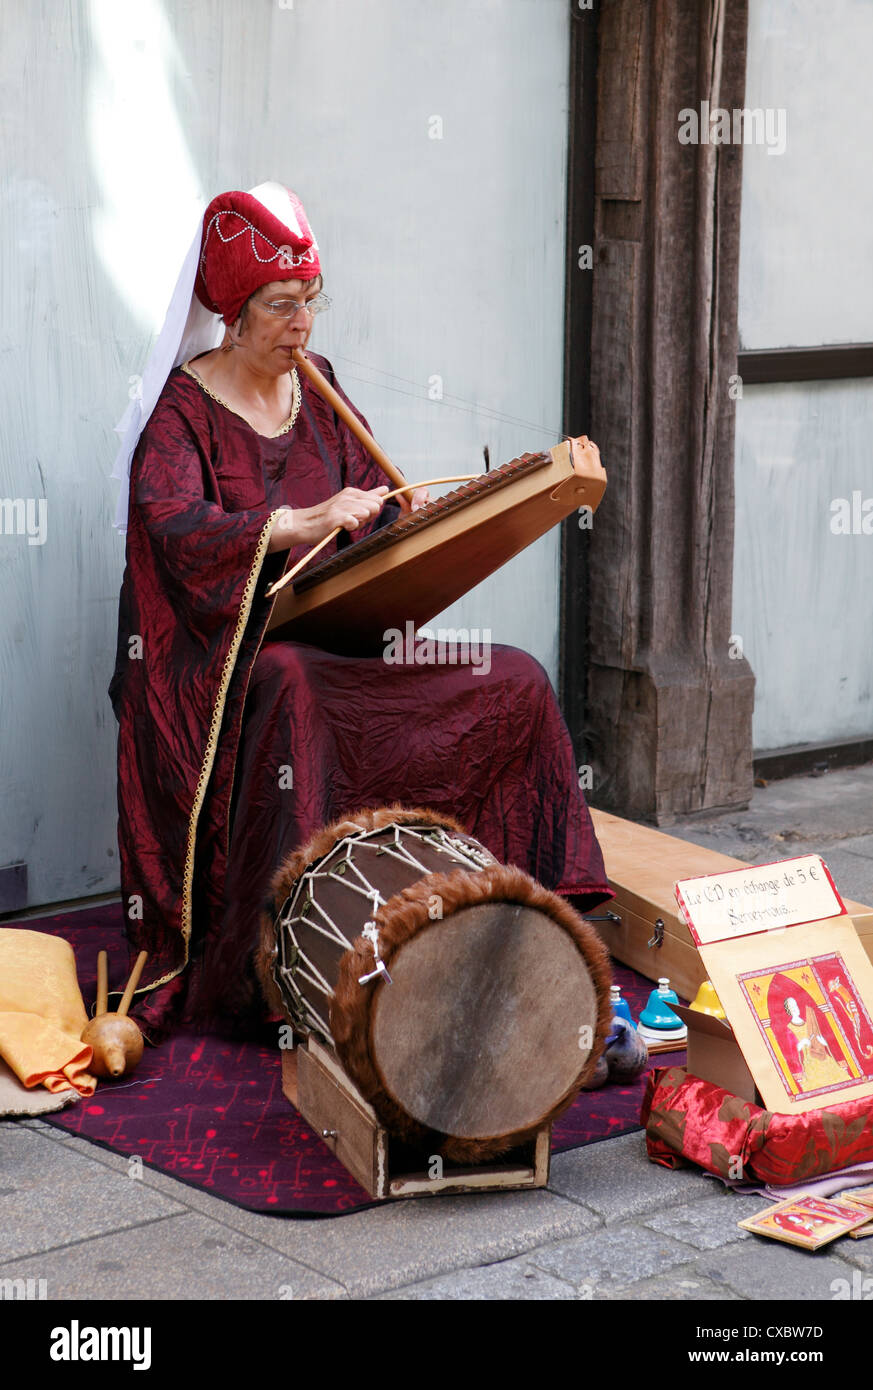 Musicien jouant les instruments du moyen âge. Instrument à vent Simple  psaltérion et tambour. Dinan, France Photo Stock - Alamy
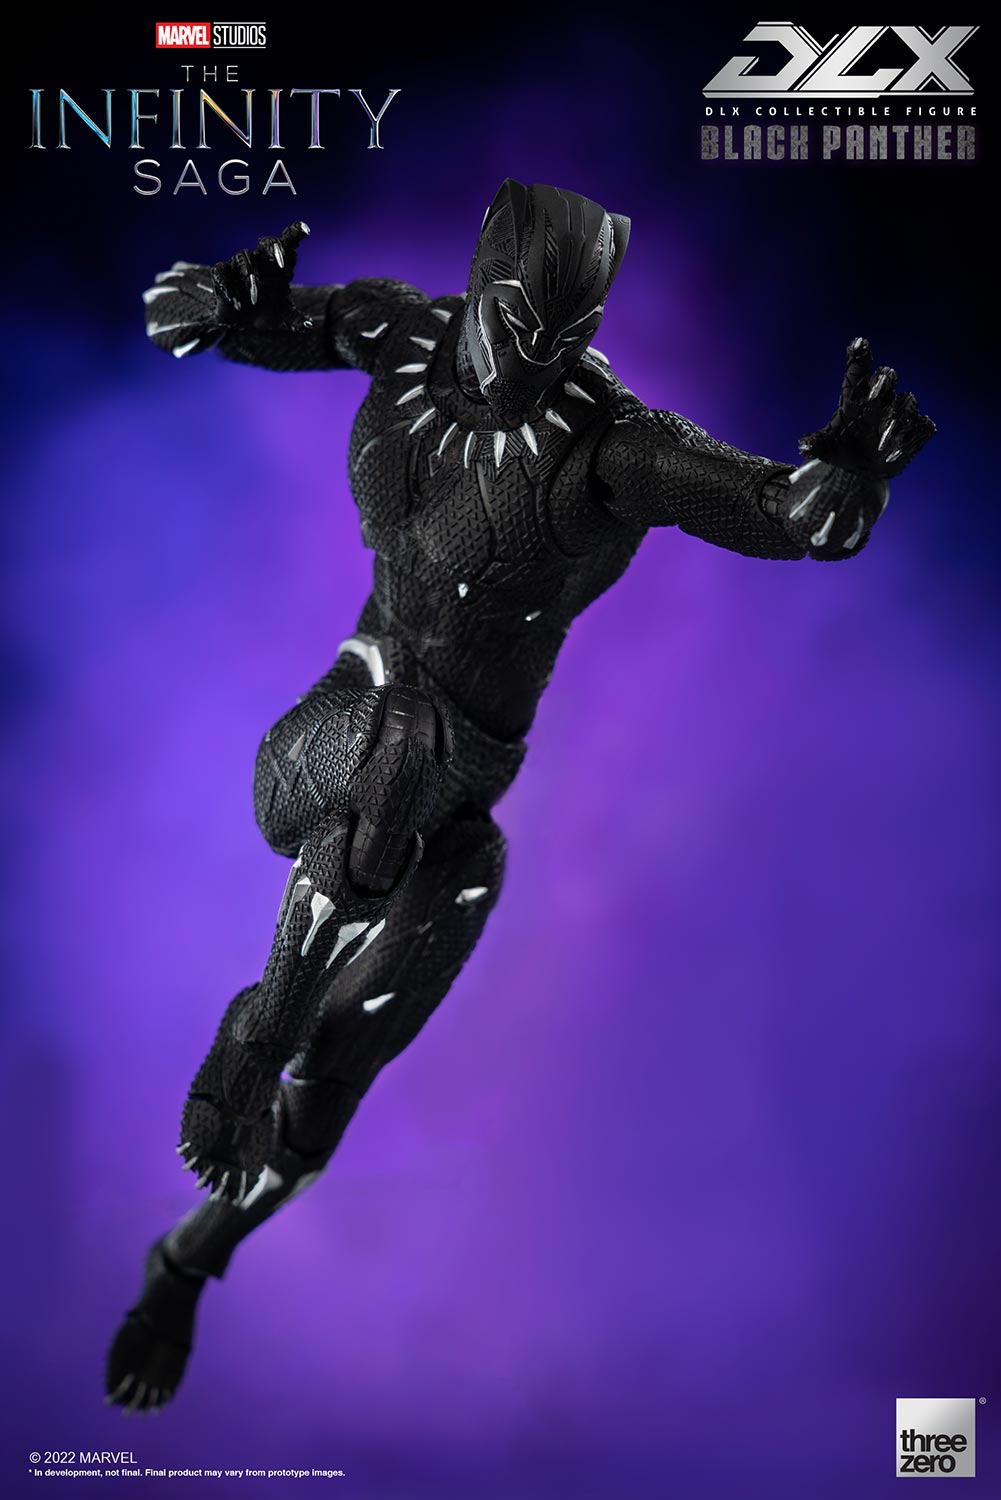 Hot Toys: Black Panther »Original Suit«
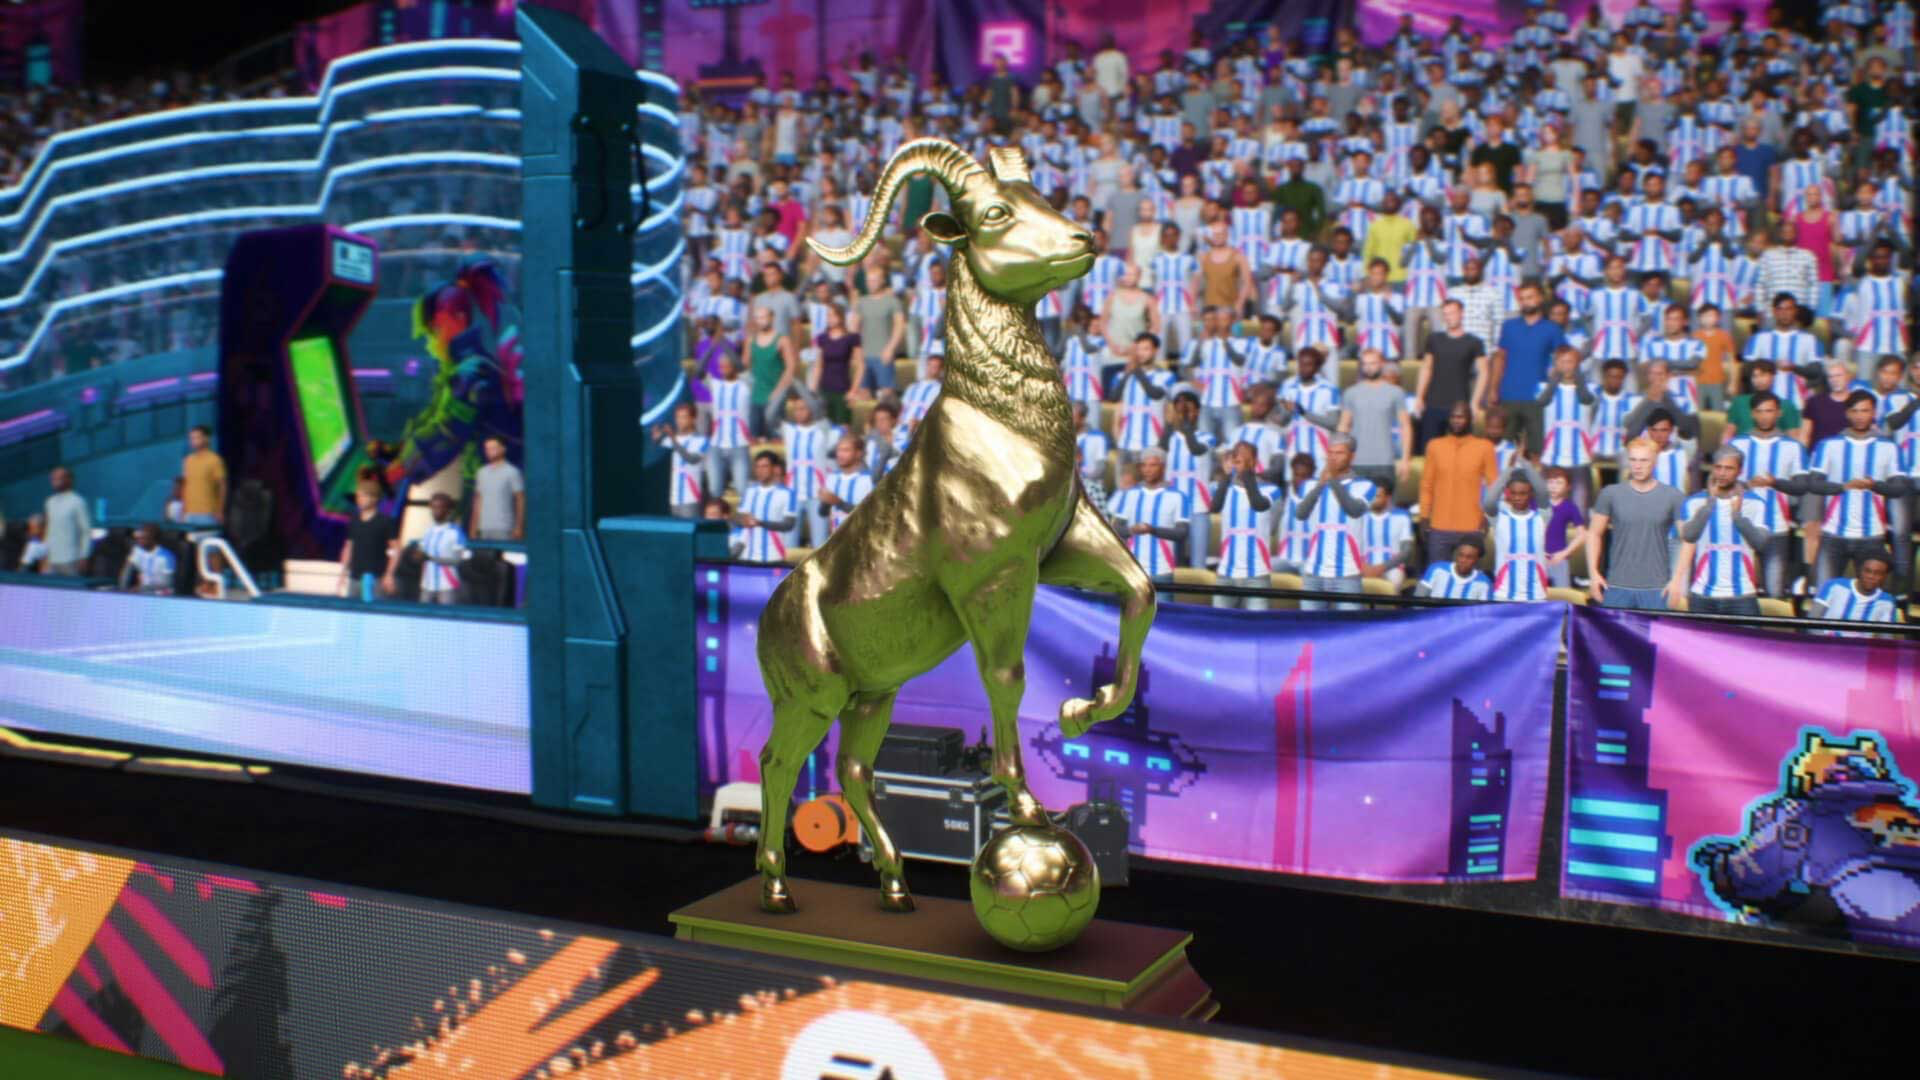 A FIFA 22 trophy
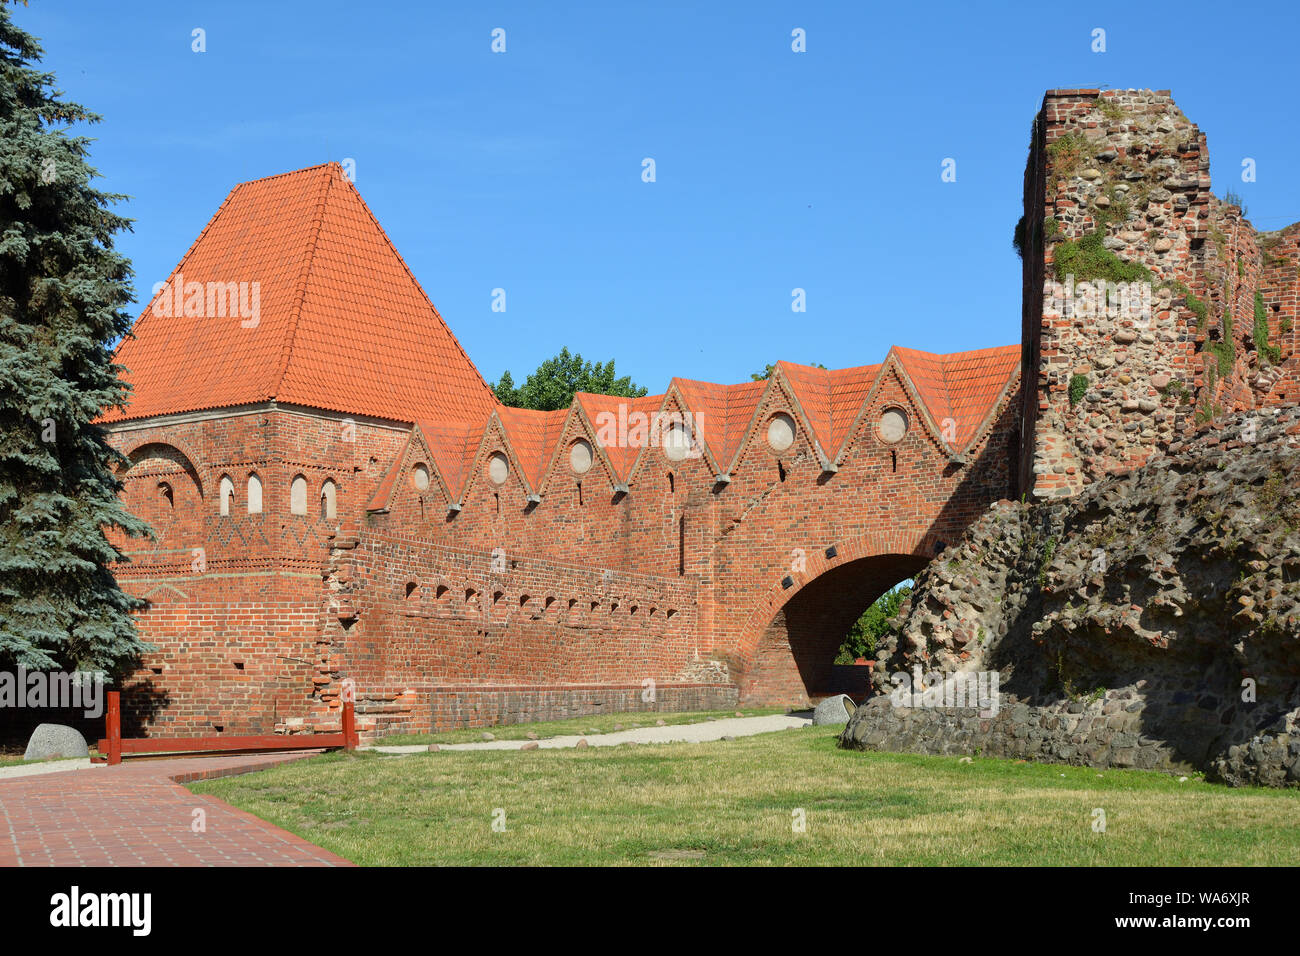 Château de Torun construit en 1260 par l'Ordre des Chevaliers teutoniques comme une forteresse - Pologne. Banque D'Images

YOUR GOAL | An exact transcript of the listing is needed, free of pictures.

ANSWER BOX |
 Musicien jouant les instruments du moyen âge. Instrument à vent Simple  psaltérion et tambour. Dinan, France Photo Stock - Alamy
 Hot Toys: Black Panther »Original Suit«
 A FIFA 22 trophy
 Château de Torun construit en 1260 par l'Ordre des Chevaliers teutoniques comme une forteresse - Pologne. Banque D'Images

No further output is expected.